Although the injection of $10 billion in federal stimulus funds to the NIH from the American Recovery and Reinvestment Act of 2009 "created or retained" 50,000 science jobs, according to the NIH, that money is running dry, putting those positions at risk.

The lack of permanent jobs leaves many PhD scientists doing routine laboratory work in low-wage positions known as "post-docs," or postdoctoral fellowships. Post-docs used to last a year or two, but now it's not unusual to find scientists toiling away for six, seven, even 10 years.
The fact that so many scientists find themselves in long holding patterns is bad enough, but for many, the nature of the work makes it worse than merely frustrating. Speaking about his postdoctoral work, one interviewee notes that "I couldn't answer the question of how this was any different from undergraduate work."

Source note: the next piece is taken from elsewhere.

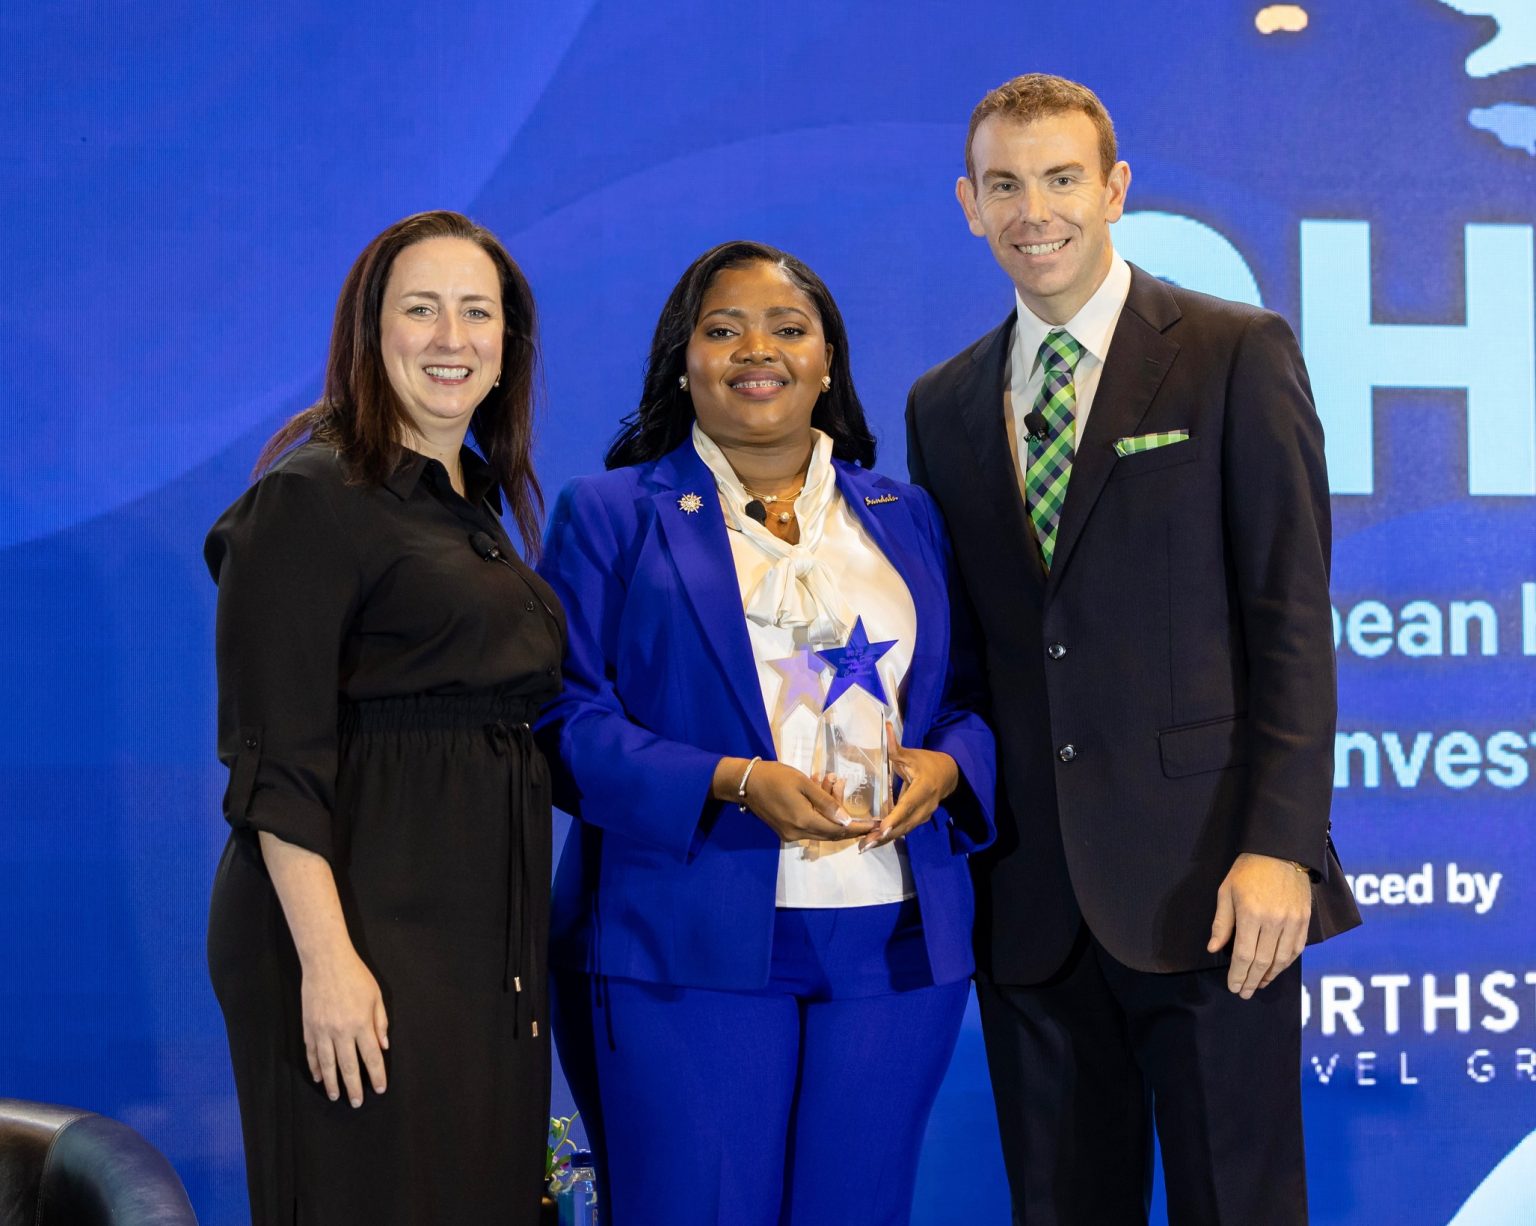 Rising Star Award – Caribbean presented to Julianna Musgrove at CHRIS
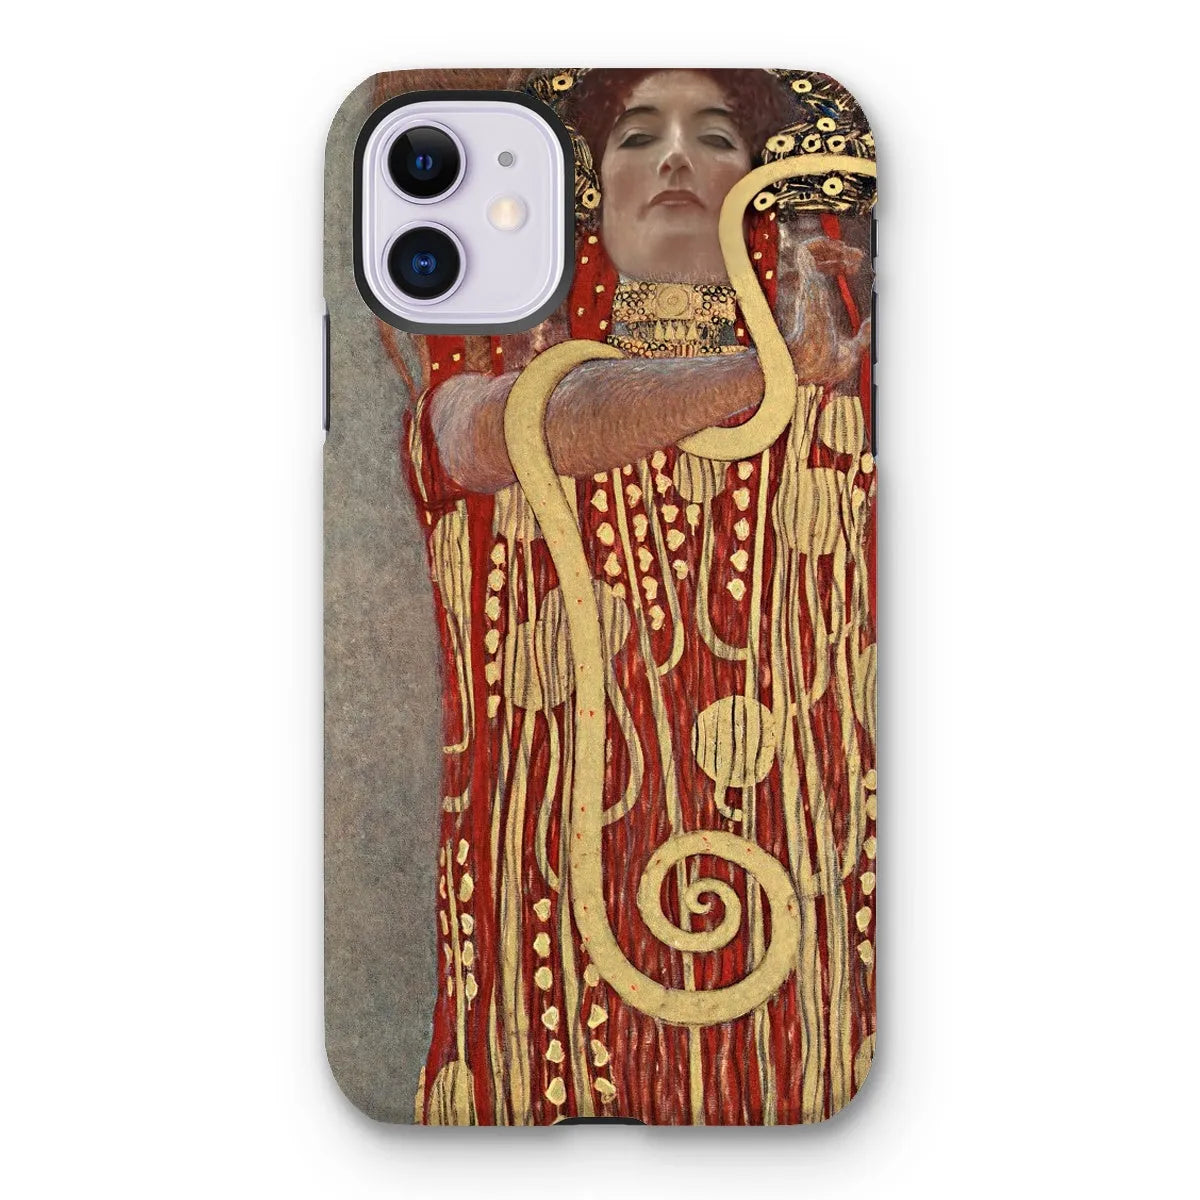 Hygieia - Vienna Succession Phone Case - Gustav Klimt - Iphone 11 / Matte - Mobile Phone Cases - Aesthetic Art

But even that's not the whole story by a long shot, as Frederic Bastiat made clear over a century and a half ago. What might our economy be like now, with so many hard-working, talented individuals performing more productive work? What might it have been like had these individuals, better-informed about what the market would reward, specialized in something else a decade or more earlier? And how much better might their individual careers have been had they not been led down a blind alley by the pied piper of government-funding of science?